Figure 3.

rAAV2/9-Mediated miTmc Suppresses Expression of Tmc1 c.1235T>A In Vivo

(A) Dual-promoter viral insert in which the U6 promoter drives miTmc miRNA expression and the CMV promoter drives eGFP expression. miSafe was specifically selected for its validated low off-targeting potential.²⁴

(B) Two weeks after trans-RWM injection of miTmc at P0–P2, native eGFP localization was visible in transduced IHCs and OHCs in the organ of Corti.

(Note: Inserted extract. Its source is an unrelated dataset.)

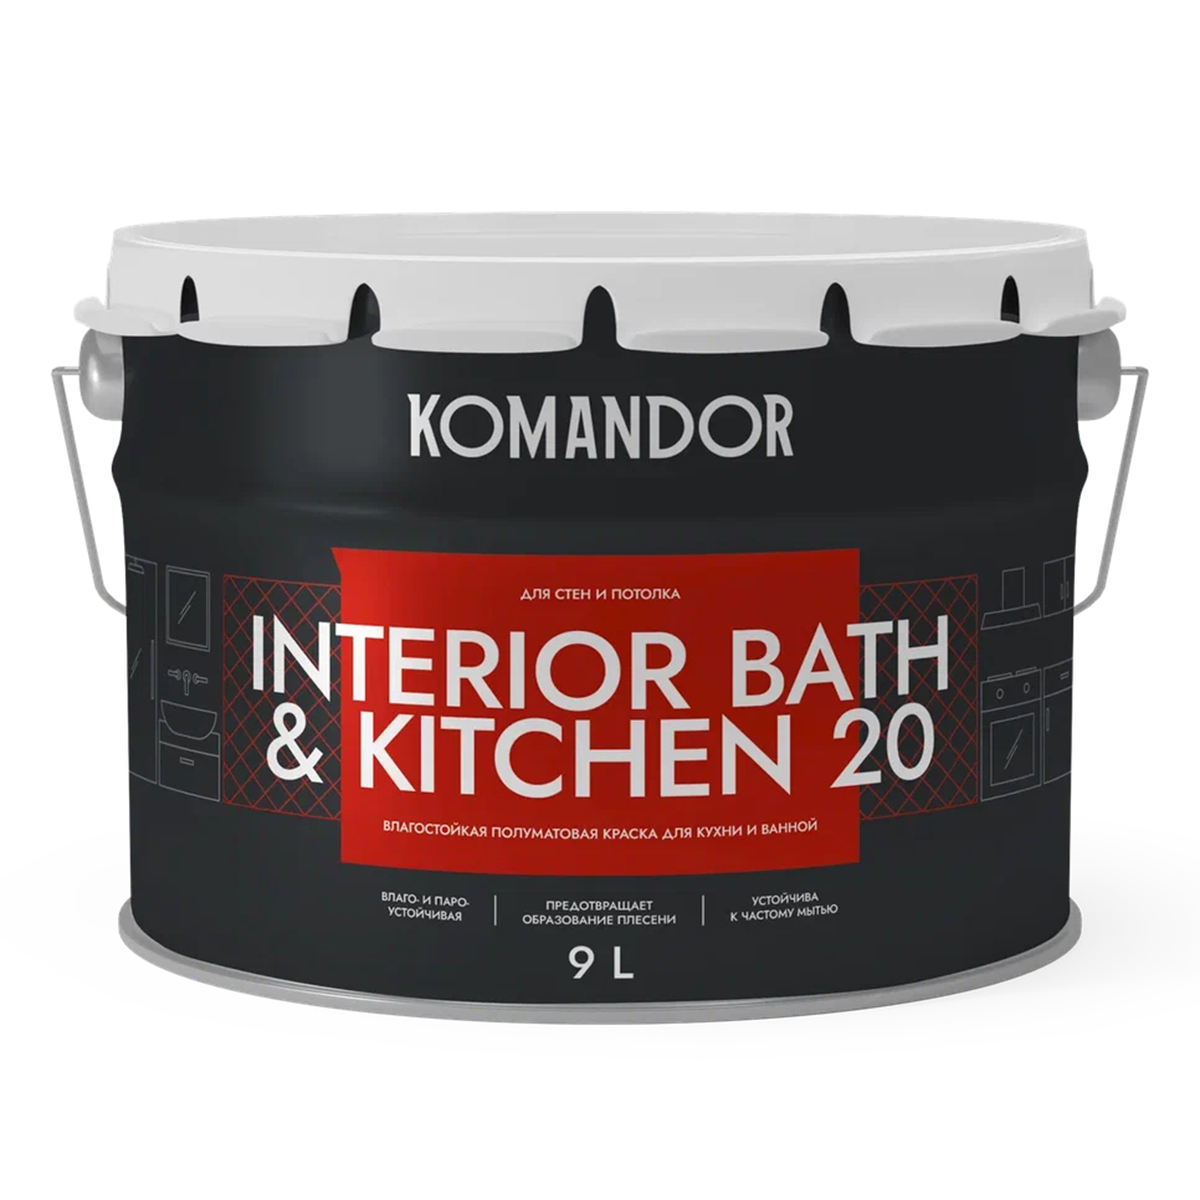 фото Краска интерьерная влагостойкая komandor interior bath&kitchen 20, база с, бесцветная, 9 л

(C) Expression of wild-type Tmc1 and Bth Tmc1 mRNA was measured by real-time qPCR using allele-specific primers. Allele-specific qPCR amplification was carried out on groups of individually isolated auditory hair cells (Movie S1). All samples were normalized to β-actin. Expression of wild-type Tmc1 mRNA measured in the untreated contralateral sample was set at a value of 1. mRNA abundance was calculated in relation to that of this untreated contralateral sample with wild-type Tmc1. Abundance of both wild-type Tmc1 and Bth Tmc1 were measured in samples containing 12 cells collected from either miTmc-treated ears or untreated contralateral ears from five 4-week-old Tmc1^Bth/+ mice. Cells collected from untreated contralateral ears were GFP negative, whereas cells collected from miTmc-injected ears were GFP positive. mRNA abundance was calculated by the ΔΔCt method. The range indicated by the error bars represents the SD of ΔΔCt on the basis of the fold-difference calculation 2^−ΔΔCt, where ΔΔCt + S and ΔΔCt − S.